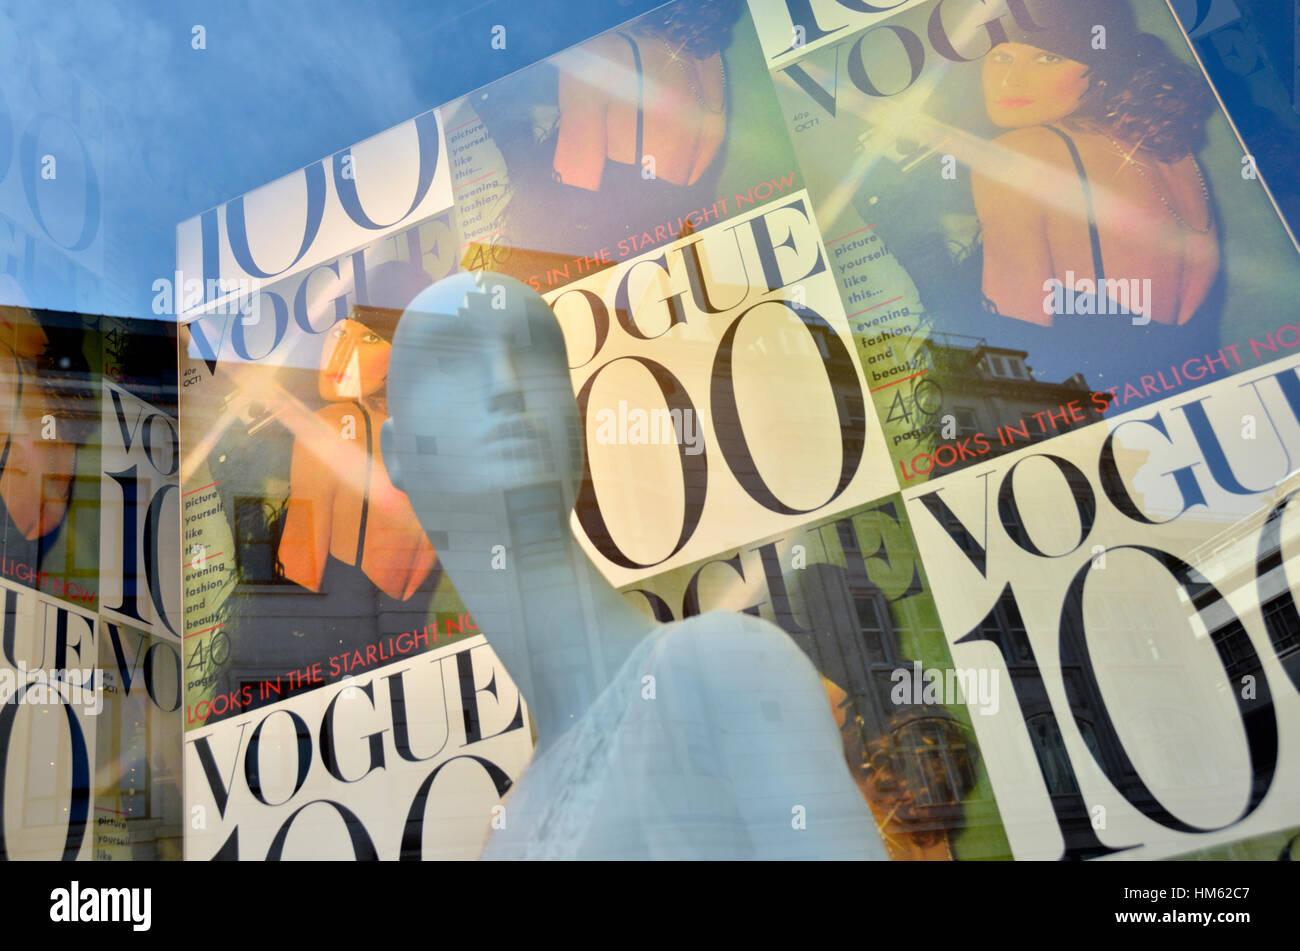 Une vitrine afficher commémorant les 100 ans du magazine Vogue Photo Stock
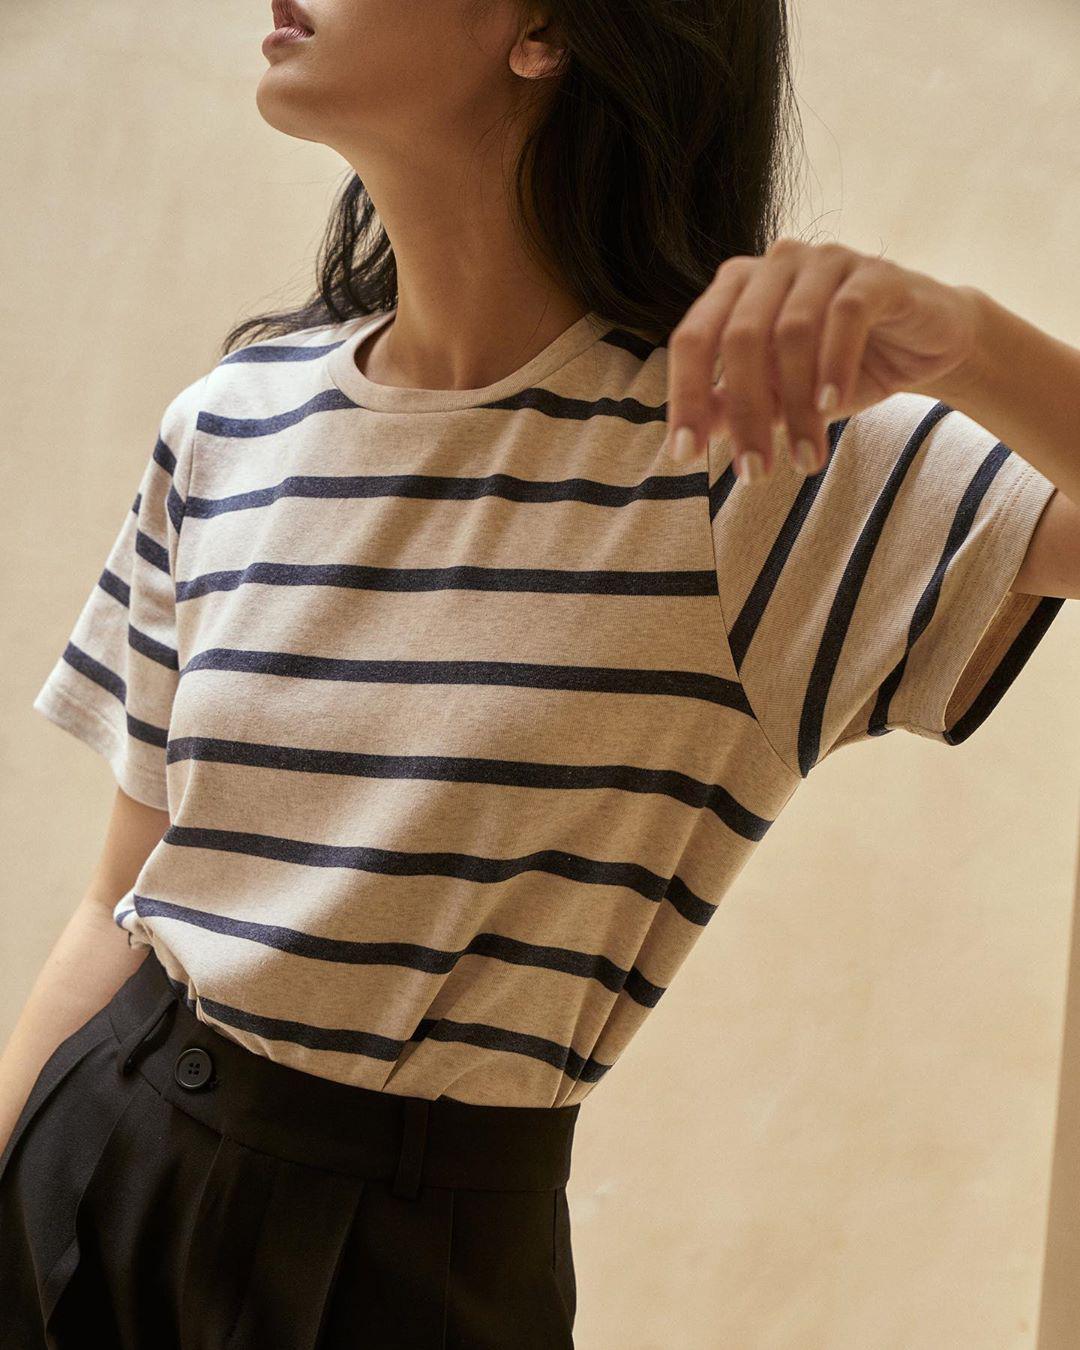 Thiếu đi 1 chiếc áo kẻ là bạn đã tự đánh tụt điểm style của mình so với hội chị em bạn dì  - Ảnh 16.
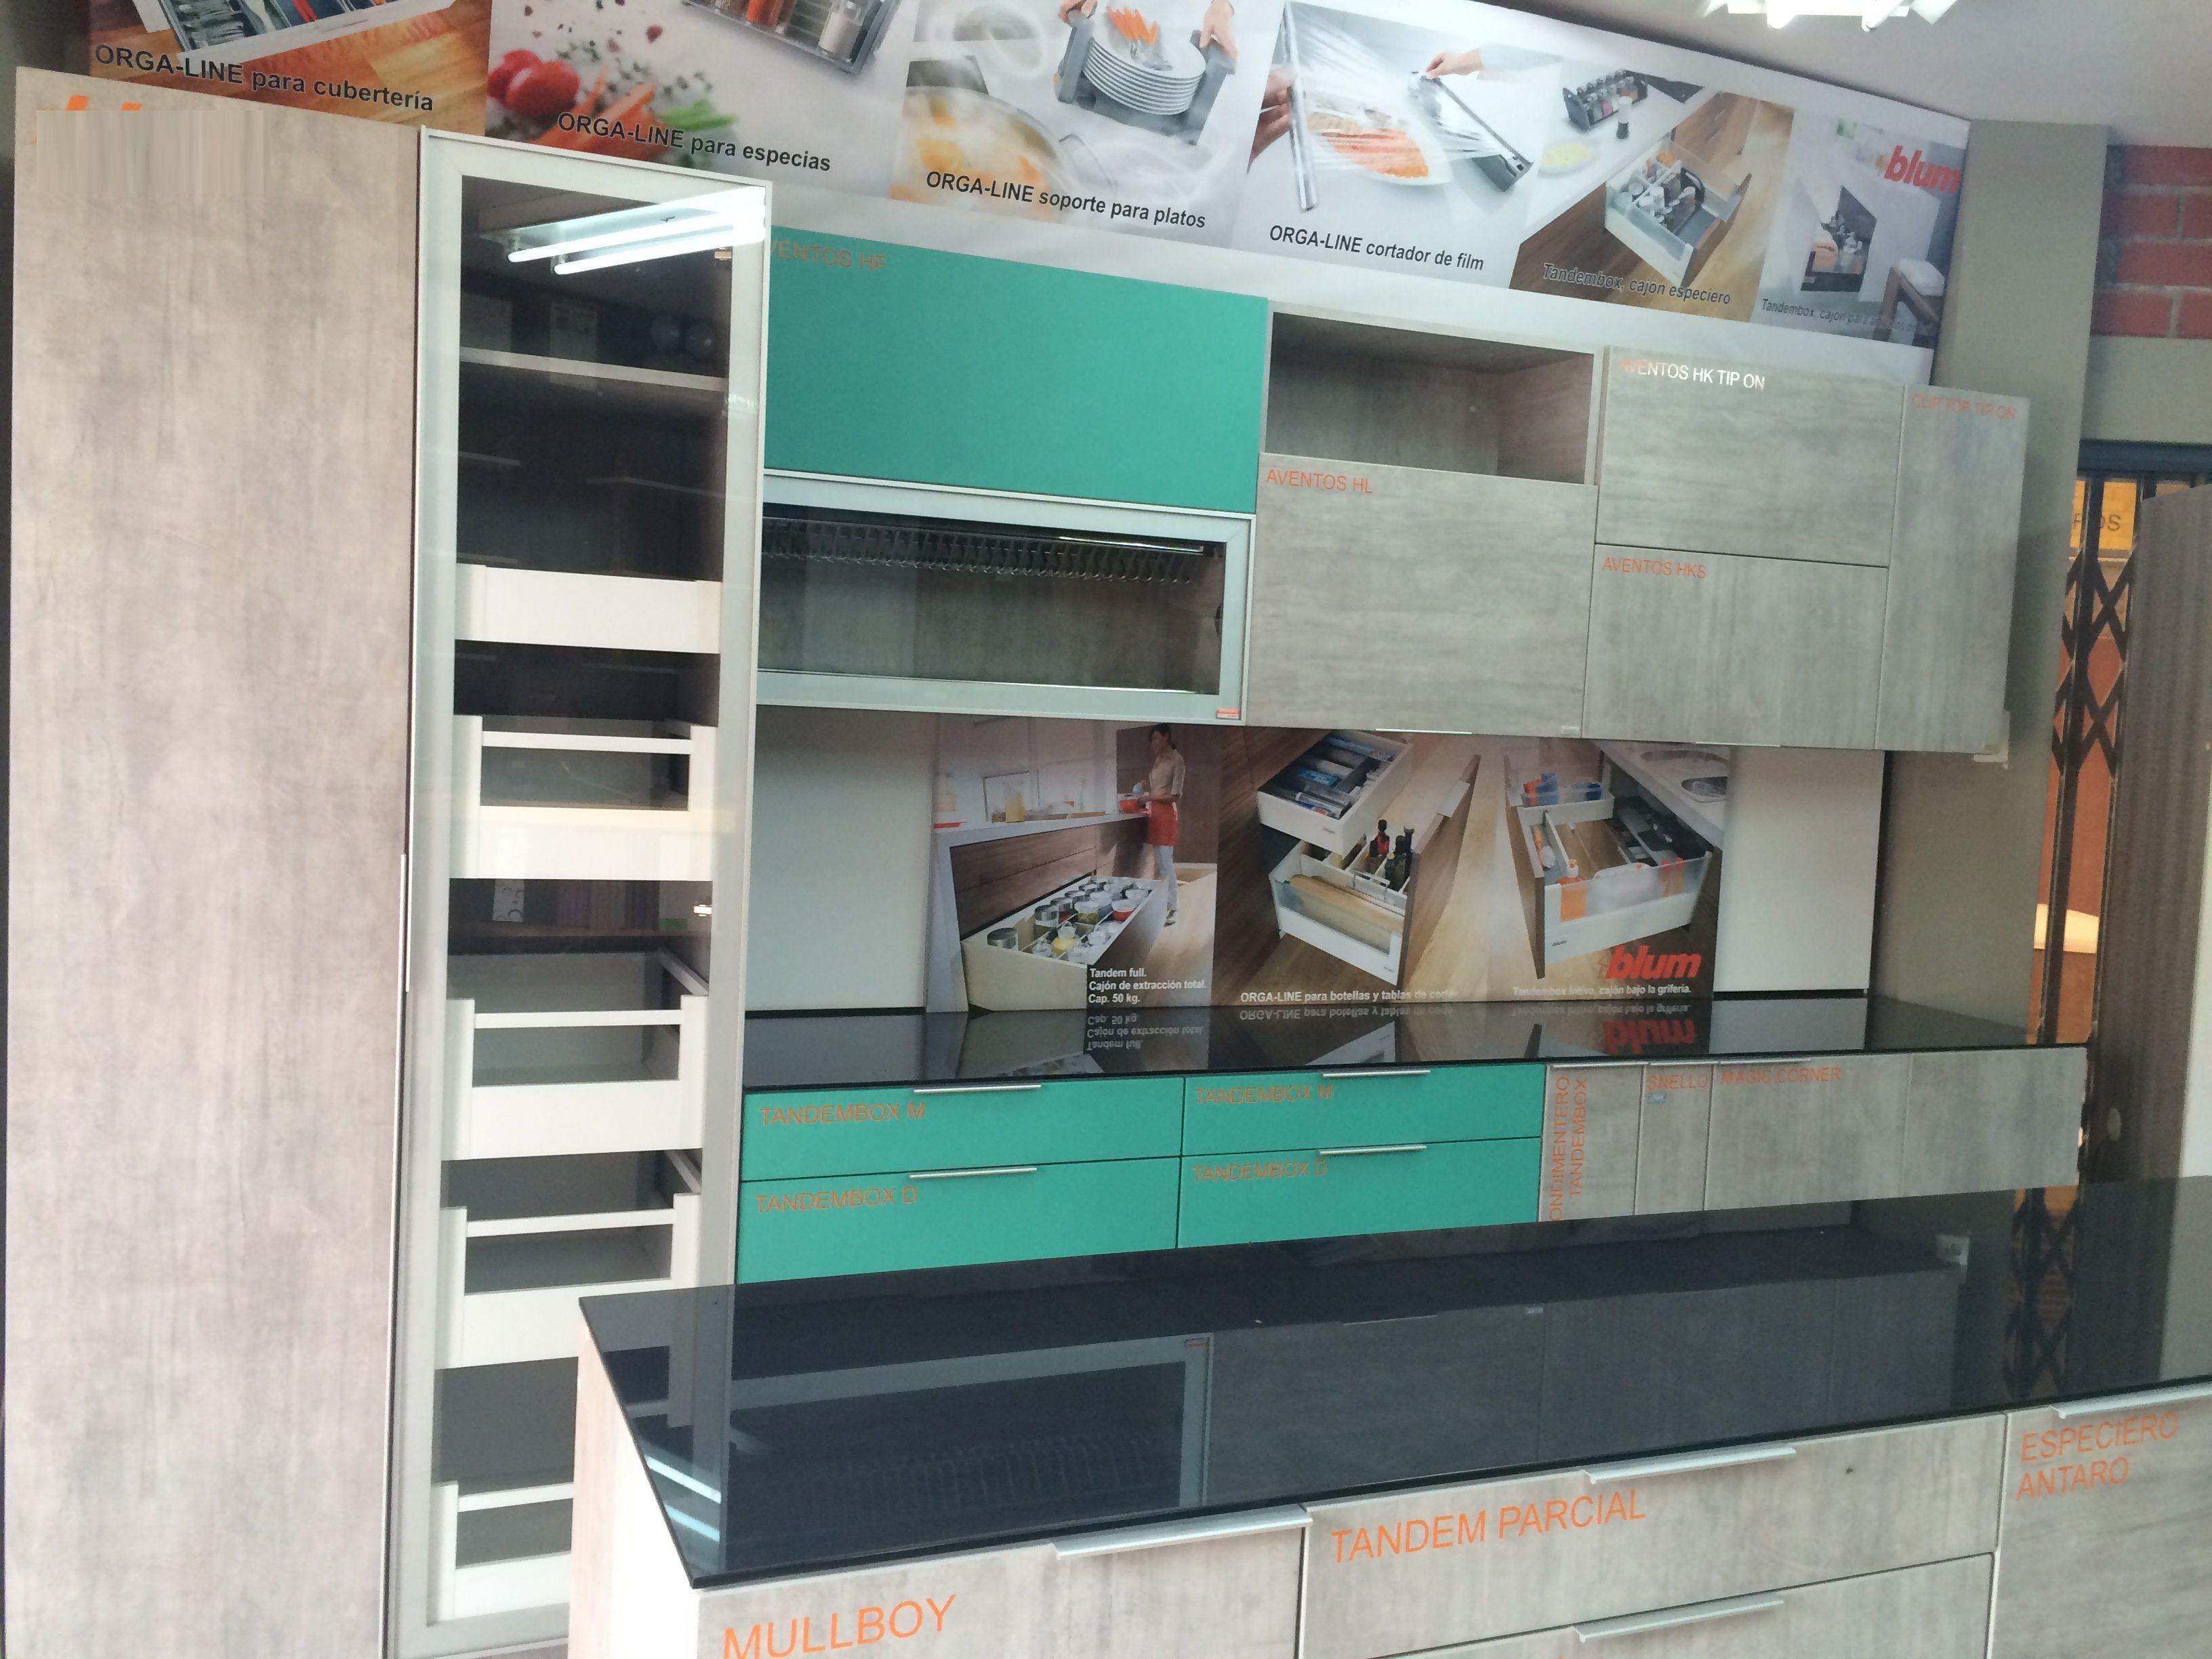 cocina hecha con colores de la colección Natural: Cemento y Menta ...

# # # # #

◆ Problem:
Every line of the data above is to be set down word for word, with the pictures left out.

◆ Written response:
 Une vitrine afficher commémorant les 100 ans du magazine Vogue Photo Stock
 Thiếu đi 1 chiếc áo kẻ là bạn đã tự đánh tụt điểm style của mình so với hội chị em bạn dì  - Ảnh 16.
 cocina hecha con colores de la colección Natural: Cemento y Menta ...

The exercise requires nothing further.